Il relatore per il Parlamento europeo Dieter-Lebrecht Koch (PPE, DE) ha definito la comunicazione strategica sulla sicurezza stradale proposta dalla Commissione europea nel 2010 ("Verso uno spazio europeo della sicurezza stradale: orientamenti 2011-2020 per la sicurezza stradale") come "troppo vaga, troppo timida e inadeguata".
Proteggere i bambini
Le misure richieste dal Parlamento europeo sono anche volte a ridurre del 60% il numero di bambini vittime di incidenti stradali e del 40% di coloro che rimangono feriti. Fra le varie misure, il Parlamento propone di limitare la velocità di guida a 30 km/h nelle zone residenziali e su strade con una sola carreggiata sprovviste di piste ciclabili e considera necessaria anche un'adeguata educazione sulla sicurezza stradale dei bambini sin dalla tenera età.
Vederci chiaramente a qualsiasi età...
I deputati chiedono che tutti coloro in possesso di una patente di guida si sottopongano ogni dieci anni, e ogni cinque anni per gli over 65, ad un test per la vista. Inoltre, tutte quelle sostanze o farmaci che possono in qualche modo influenzare la capacità di guida, dovranno essere sistematicamente individuate e se nel caso considerate incompatibili con una guida sicura. Infine, conducenti professionisti e principianti (per i primi due anni) dovranno evitare l'uso di bevande alcoliche prima di guidare.
... Ed essere visti
Corpetti ad alta visibilità dovranno essere disponibili per tutti gli occupanti del veicolo e allo stesso tempo si dovrà incoraggiare maggiormente l'uso del casco e, al calar della notte, di corpetti riflettenti per i ciclisti.

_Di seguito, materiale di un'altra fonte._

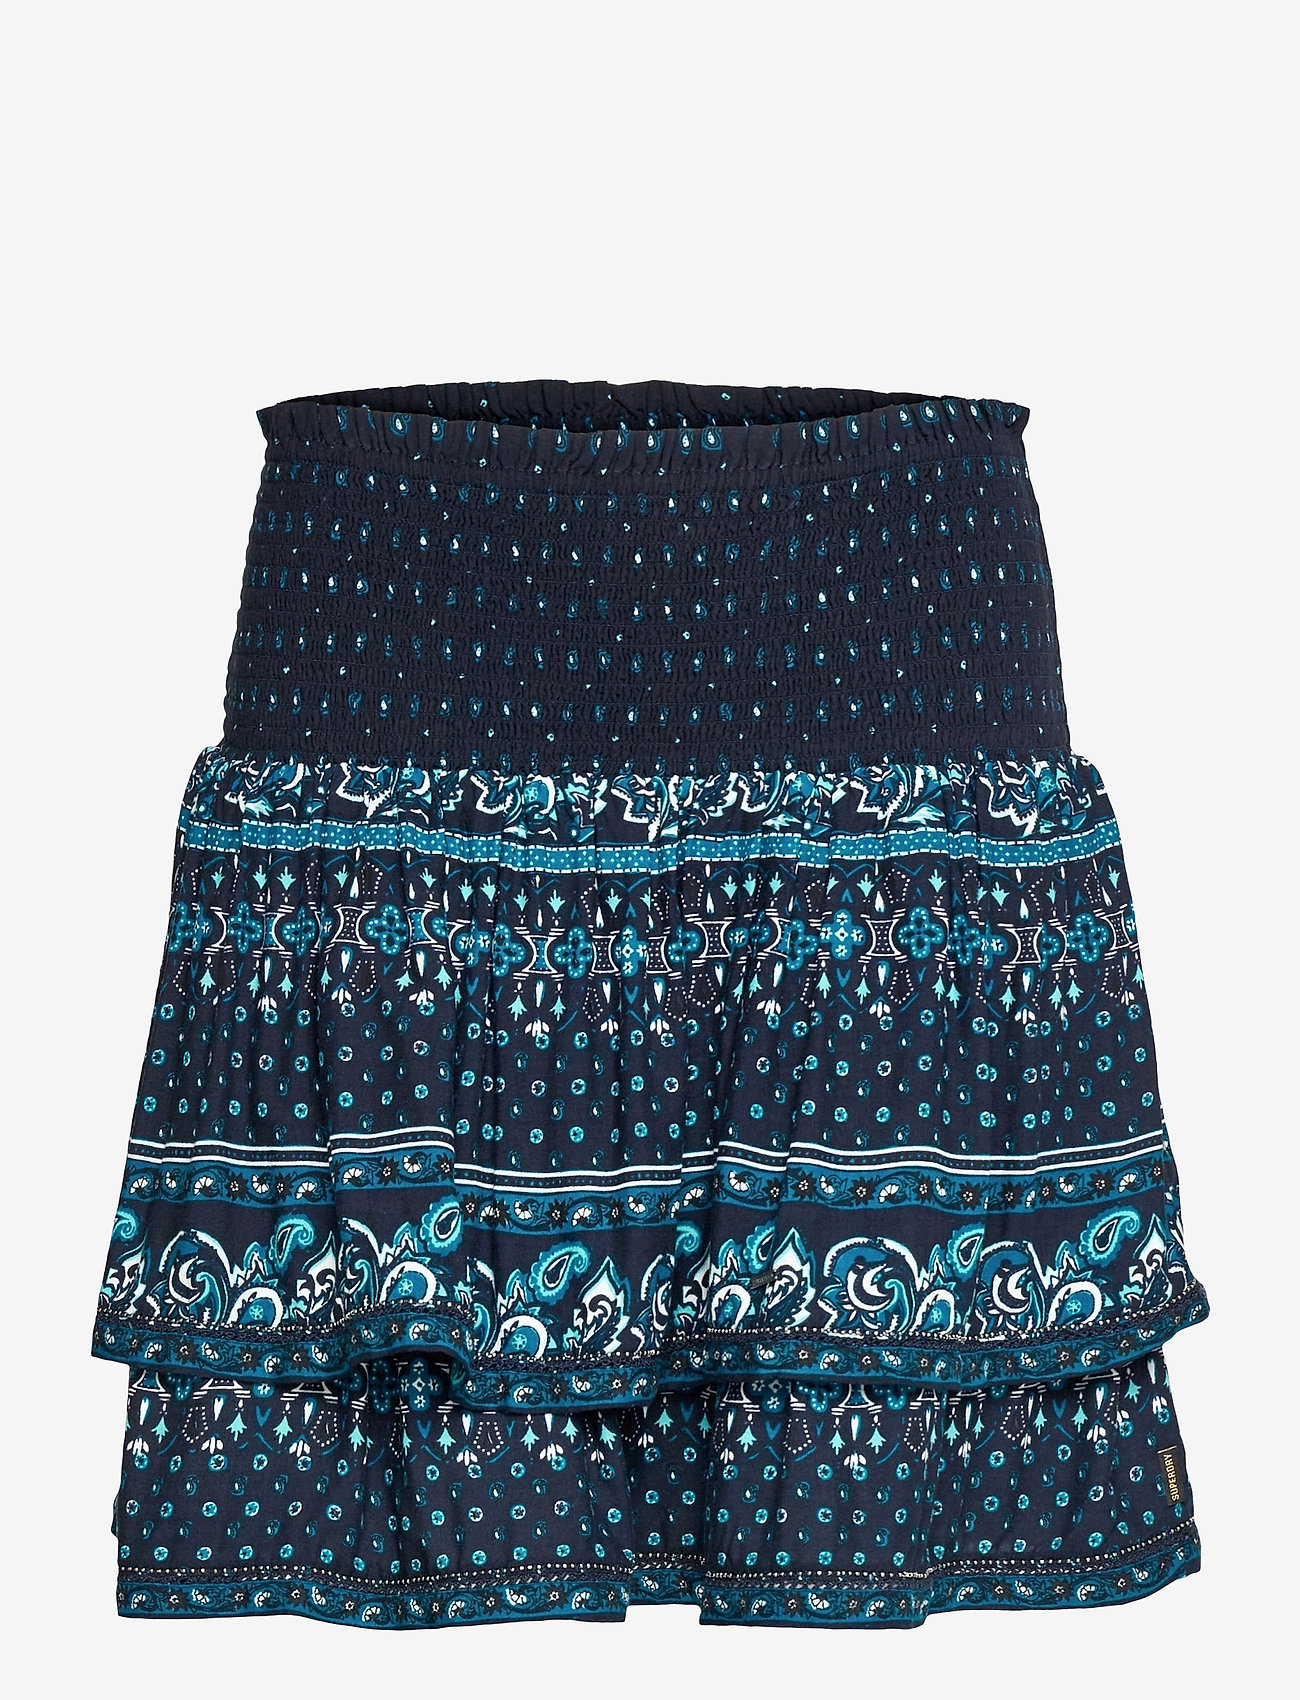 Superdry - AMEERA MINI SMOCKED SKIRT - short skirts - navy - 0

In generale, i deputati auspicano per un'armonizzazione delle regole sulla sicurezza stradale in tutta l'Unione europea e per l'istituzione entro il 2014 di un coordinatore europeo per la sicurezza stradale con il compito di coordinare l'attività tra i Stati membri e le varie autorità e i servizi per garantire la massima efficienza e coerenza.
Alcuni dati
Oggigiorno, il rischio per i motociclisti di essere vittime sulla strada è diciotto volte maggiore che per un automobilista, sette volte superiore per ciclisti e nove più alto per un pedone.
Il 55% degli incidenti mortali accade sulle strade di campagna, il 36% su quelle urbane e il 6% sulle autostrade.
Il costo sociale degli incidenti stradali nell'Unione europea è stimato a 130 miliardi di euro all'anno.